Data Movement & Placement
The Promise of NVMe Flexible Data Placement in Data Center Sustainability
By 2040, data centers could account for up to ~14% of all carbon emissions worldwide. Flash SSDs contribute to data center carbon emissions due to their limited endurance. The common practice of over-provisioning Flash SSDs to control write amplification, improve lifetime and optimize for total cost of ownership of data centers is inefficient and contributes to the carbon footprint. Considering the increased focus on data center climate impact and net-zero carbon goals, improving Flash SSD lifetime and utilization are key to reducing carbon emissions. Targeted data placement on SSDs is known to reduce write amplification and improve lifetime.
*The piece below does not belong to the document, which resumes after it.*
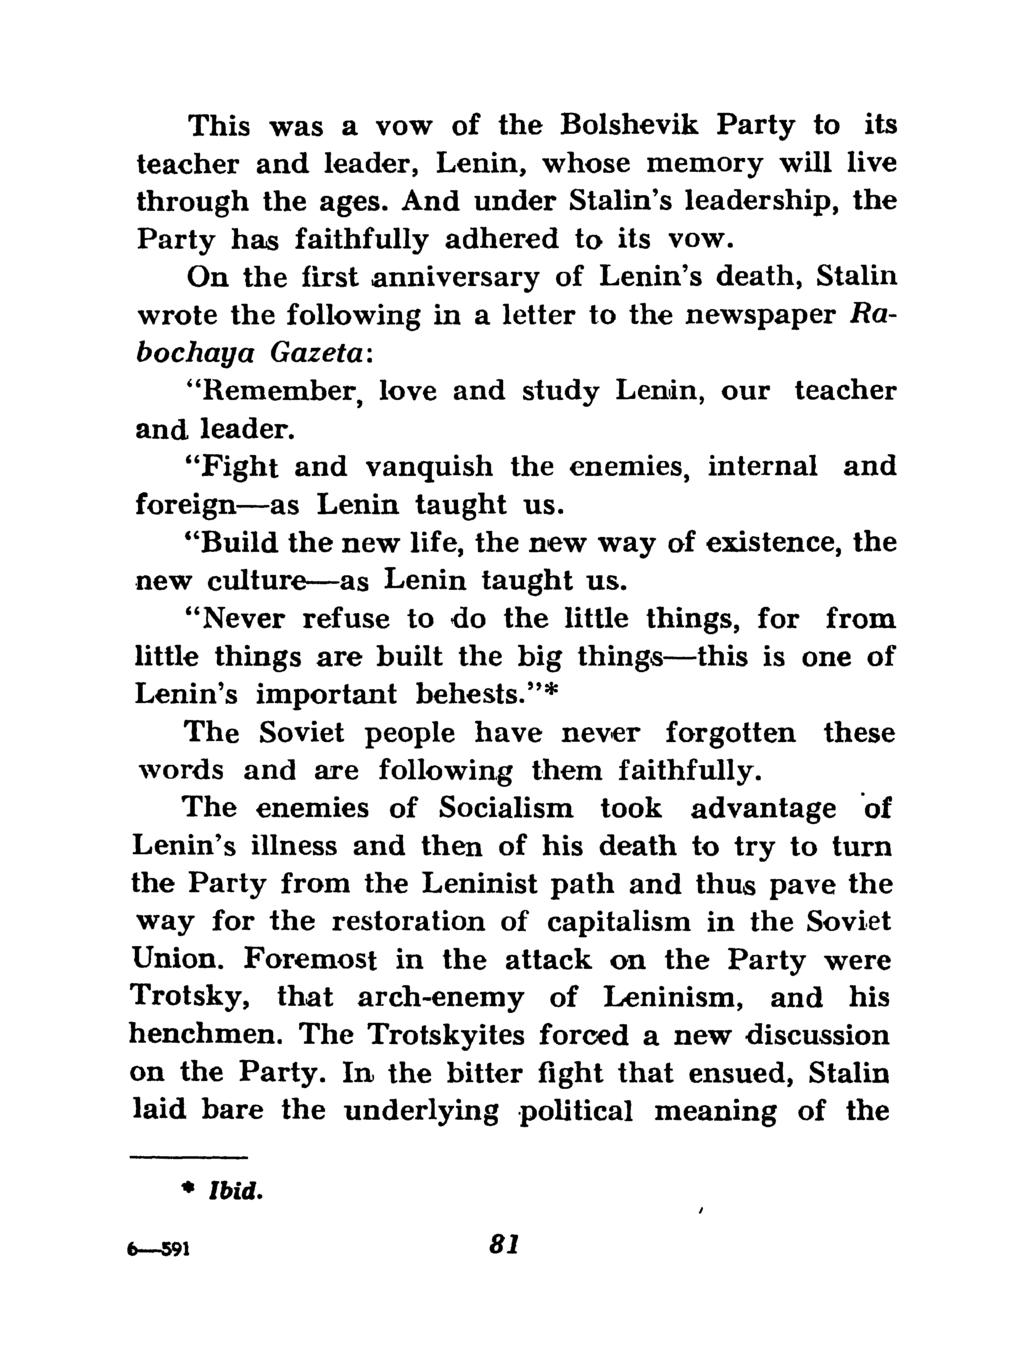 This was a vow of the Bolshevik Party to its teacher and leader, Lenin, whose memory will live through the ages. And under Stalin's leadership, the Party has faithfully adhered to its vow.

The latest data placement technology - NVMe Flexible Data Placement (FDP), shows great promise in reducing carbon emissions with minimal engineering effort. Providing control to applications to place their data with NVMe FDP results in more informed data placement strategies with minimal modifications to the application stack. Consequently, this leads to reduced SSD write amplification and enables better utilization. In this talk, we explore NVMe FDP’s future in Data Center Sustainability by showcasing its ability to reduce embodied (endurance) and operational (power) carbon emissions for systems at scale. We use several example workloads and CacheLib - a deployed system at scale, to illustrate the impact and reduction in carbon emissions with NVMe FDP.